> Task description: Print the data exactly. Pictures stay out.

> Given information:
---+---

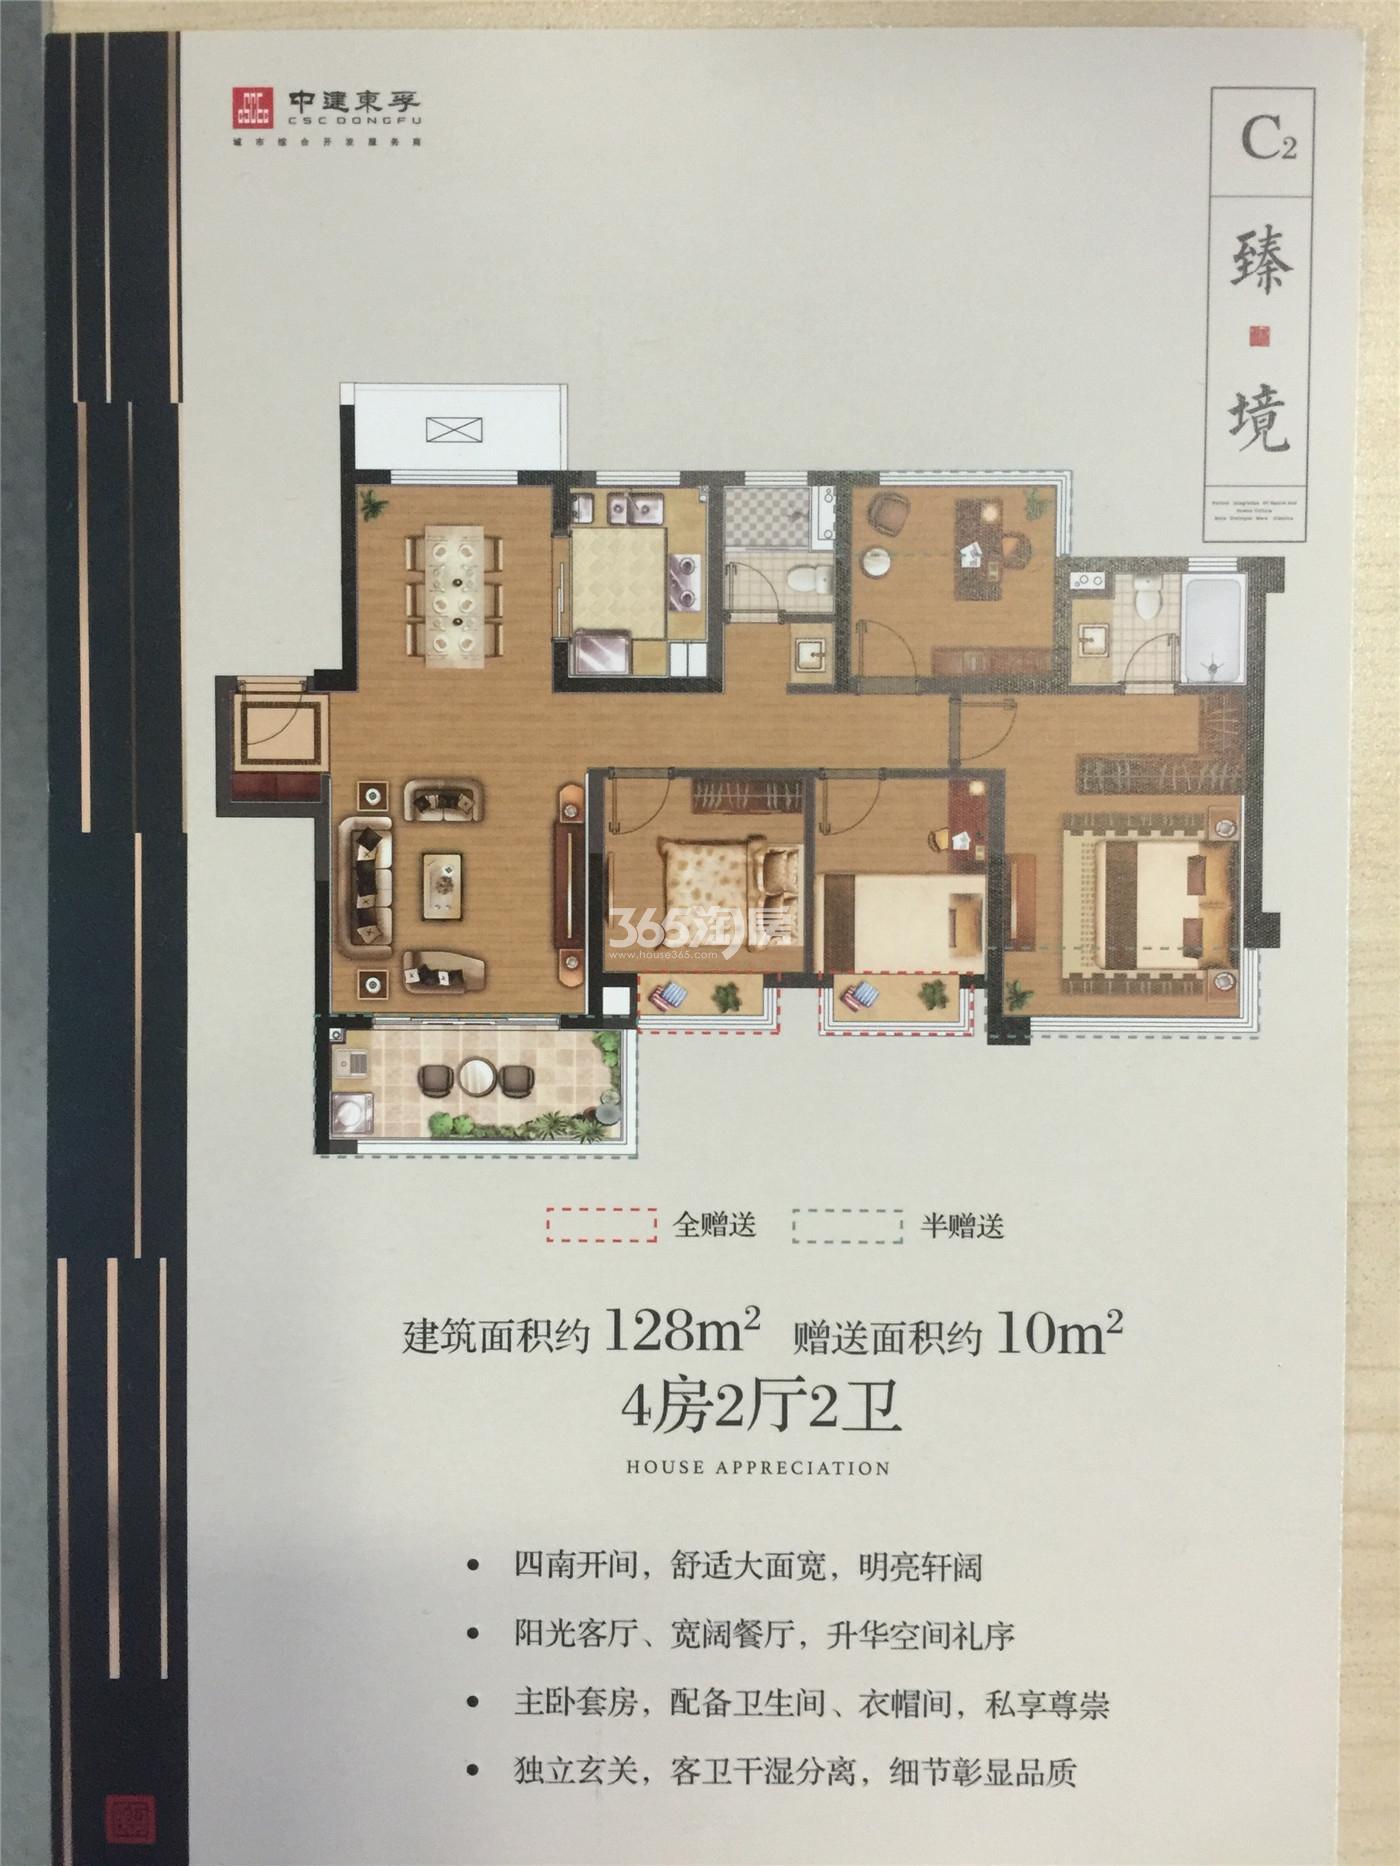 中建江浦G02地块户型图
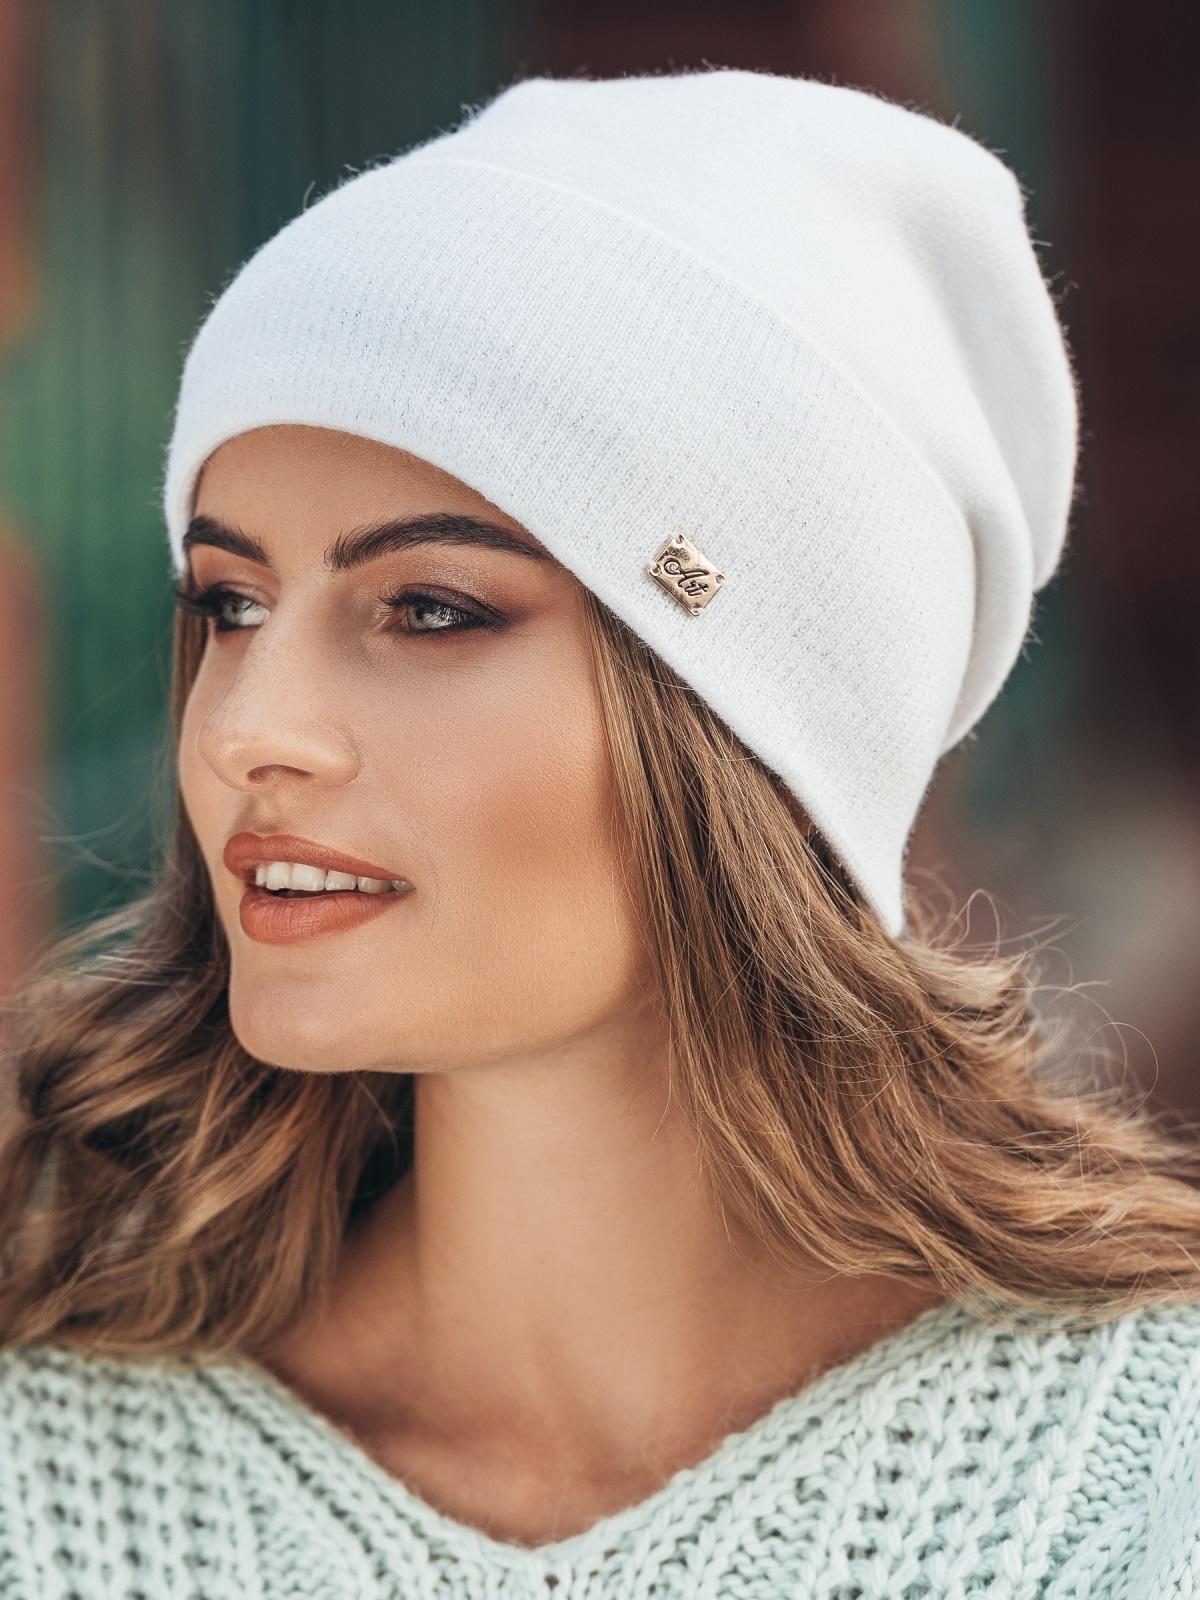 Зимняя шапка без помпона с нитью люрекса белая - 14733, фото 1 – интернет-магазин Dressa
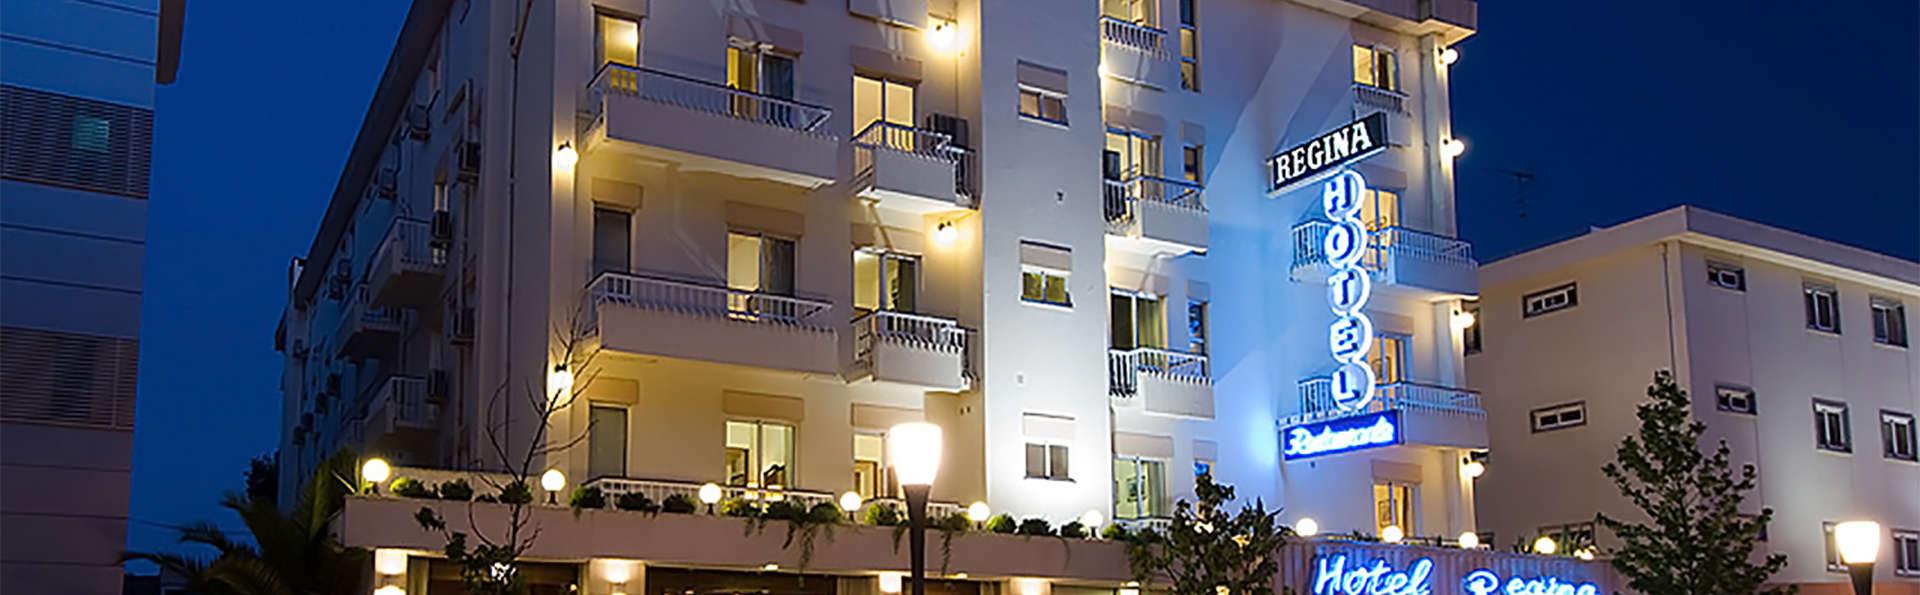 Hotel Regina - EDIT_front.jpg

---+---

> Your response:
 中建江浦G02地块户型图
 Зимняя шапка без помпона с нитью люрекса белая - 14733, фото 1 – интернет-магазин Dressa
 Hotel Regina - EDIT_front.jpg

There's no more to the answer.